Is there technical documentation for RRTs up to ACES 1.3?
I looked at the CTL, but could not understand what operation was being performed.
I am not aware of detailed technical documentation. But the comments in the CTL describe each step.
You don’t need to worry too much about the glow module and red modifier. These apply subtle subjective changes for preferred rendering, and slightly desaturate red hues.
The next step simply converts to AP1 primaries. And the next applies a slight overall desaturation. Then a tone curve is applied independently to the RGB channels. Then the image data is converted back to AP0 (now OCES - output referred AP0).
There may be various home-brewed documentation but there is not a formal documentation of the 1.3 RRT.
The steps are relatively simple, and are segmented in the CTL:
- Glow module: This is a negligible modifier intended to boost colorfulness in dark colors - a la “film”
- Red modifier: This targets a specific hue region (reds), aiming to reduce colorfulness slightly because reds were deemed “too hot”
- AP0 to AP1: AP1 is the “rendering space” in which the tonescale is to be applied
- Global desaturation: A slight desaturation of all colors (0.96 factor)

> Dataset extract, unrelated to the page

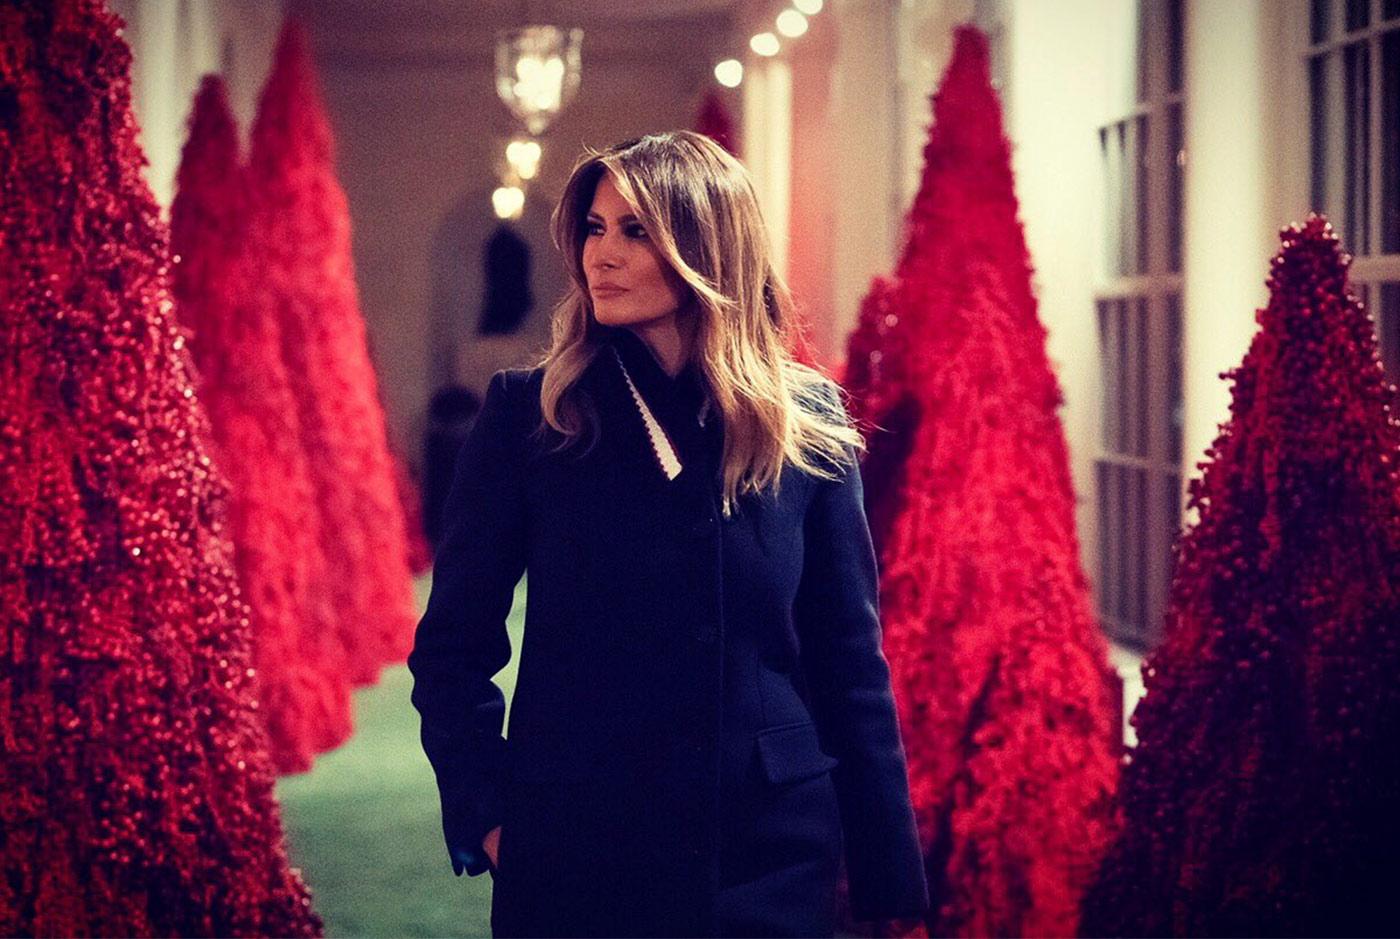 Gli alberi di Natale rossi della Casa Bianca presentati da Melania Trump in un Video.

- Apply the tonescale independently to RGB in AP1 space
- Re-encode the output back to AP0
Steps 1 & 2 could have been and probably should have been encapsulated in a “default LMT”.
Thank you.
It helped me because I didn’t particularly understand what the Glow module meant.

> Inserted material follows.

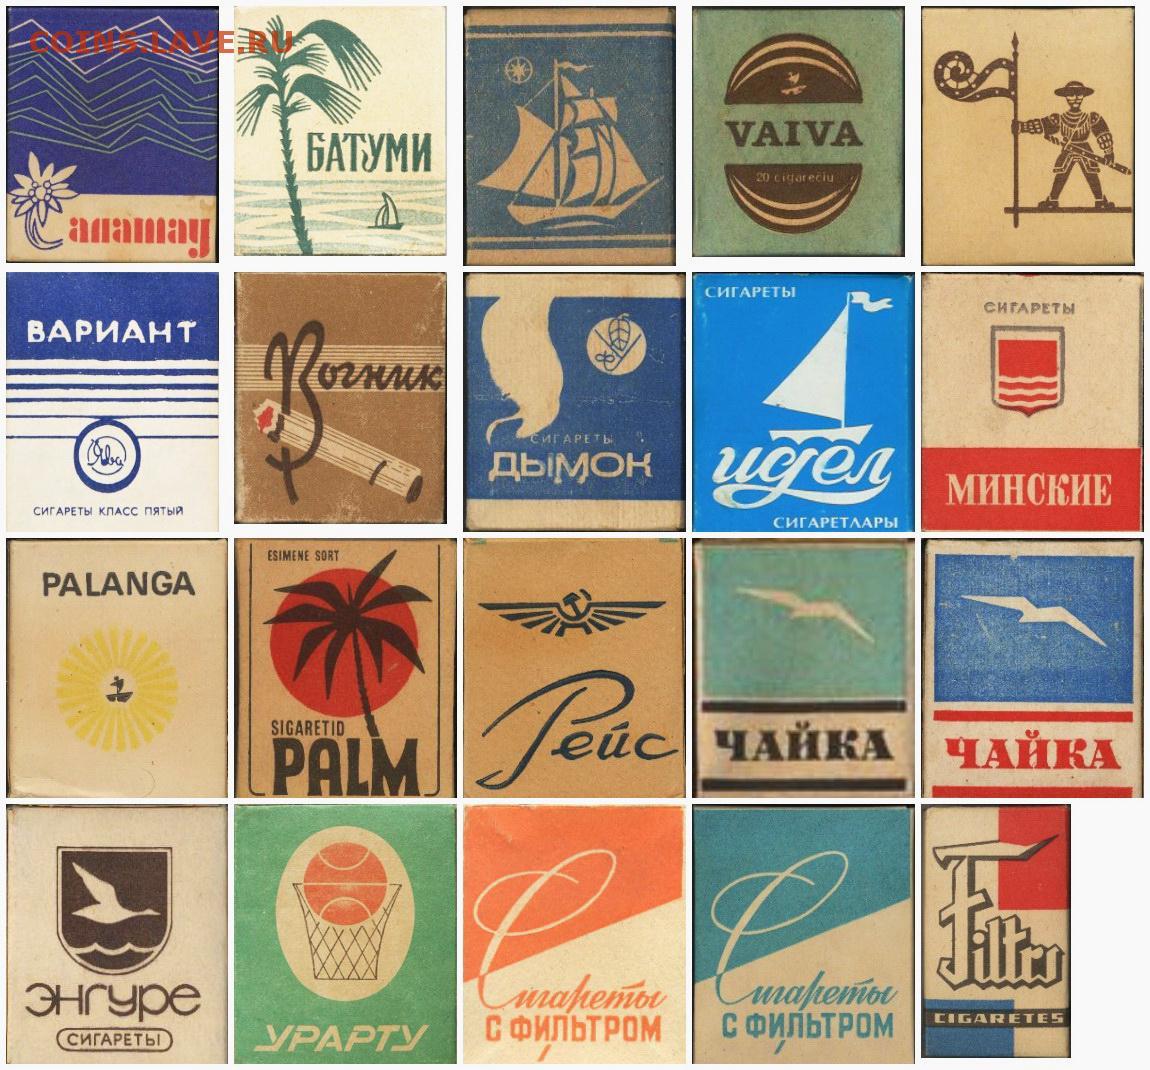 Куплю сигареты в россии сигареты ту 134 купить ссср

LMT.Academy.ACES_0_1_1.ctl
LMT.Academy.ACES_0_2_2.ctl
LMT.Academy.ACES_0_7_1.ctl
Are these LMTs previous version RRT?
ODT.Academy.Rec709_100nits_dim.ctl
I looked at the following above code.
it used 48nits for the tone scale, why not 100nits?
And, The ssts
function is used in some ODTs(HDR…etc), is this the same function that does the same thing as segmented_spline_c9_fwd
function in ACESlib.Tonescales.ctl
?
custom parameter version?
Those LMTs replicate the appearance of the earlier RRTs when using the 1.3 RRT.
Because ACES 1.x uses 48 nit cinema as the reference target for SDR. 100 nit video SDR is derived from that by applying a “dark to dim” (viewing environment) modification.

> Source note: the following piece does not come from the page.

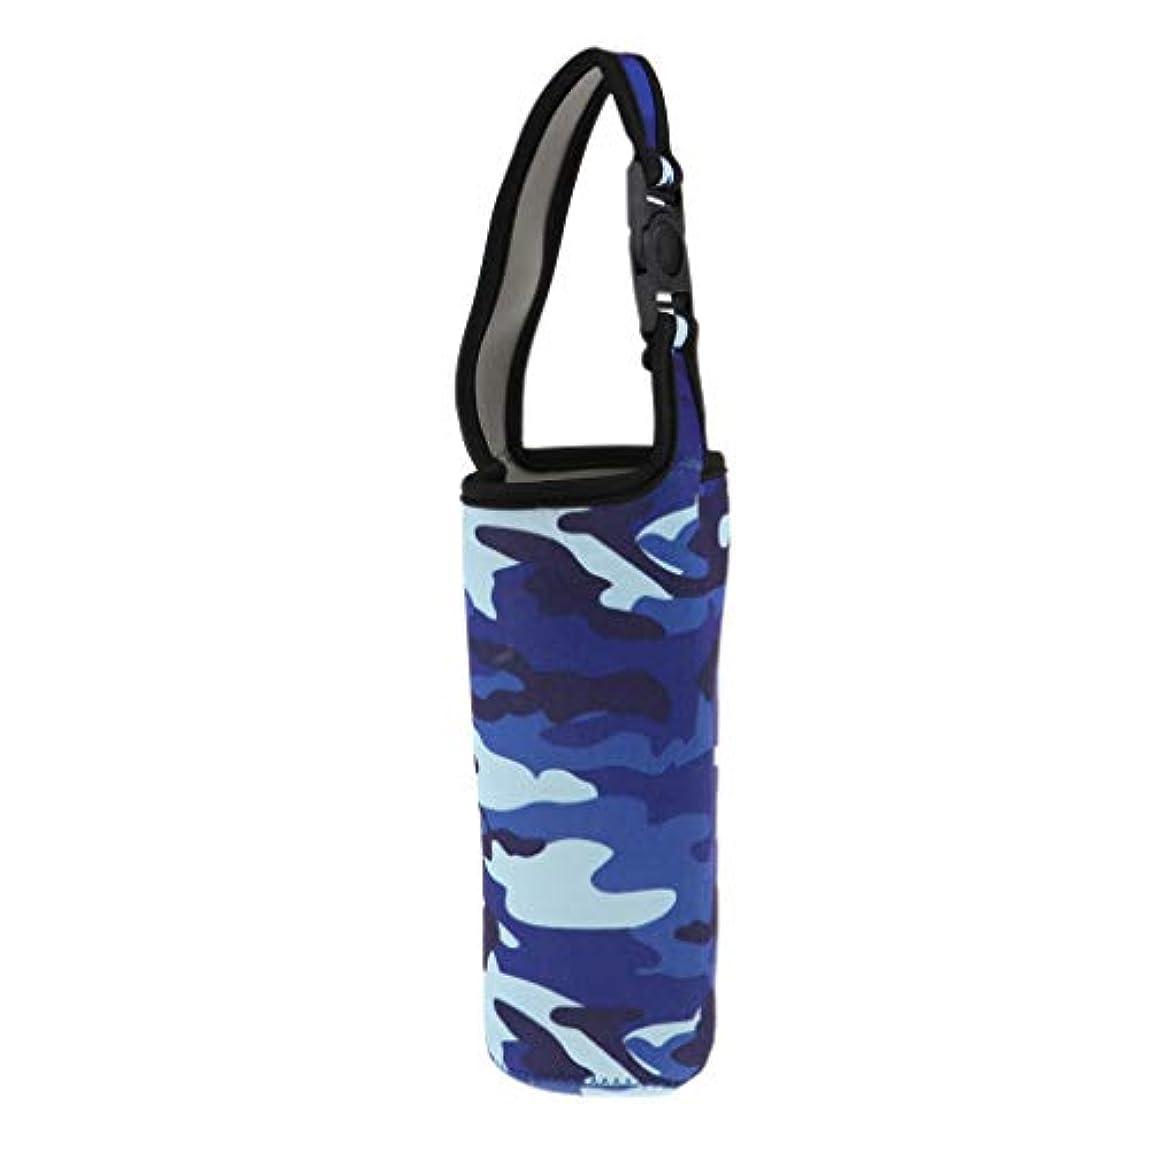 高尚なプレーヤー番目T TOOYFUL ウォーターボトルキャリア 水筒ホルダー バッグ ケース ポーチ カバー 携帯用 野外活動

It broadly serves the same purpose, but is not the same thing. The SSTS is a “Single Stage Tone Scale” because the HDR Output Transforms are self contained, rather than being made up of the RRT plus an ODT. The combined effect of the segmented splines in the RRT and ODTs creates the overall tone scale for SDR Output Transforms. The result of using 100 nits as the peak white in the SSTS function is similar, but not exactly the same.
ACES 2.0 will unify all the Output Transforms, so there are not the separate approaches for SDR and HDR which exist in ACES 1.x.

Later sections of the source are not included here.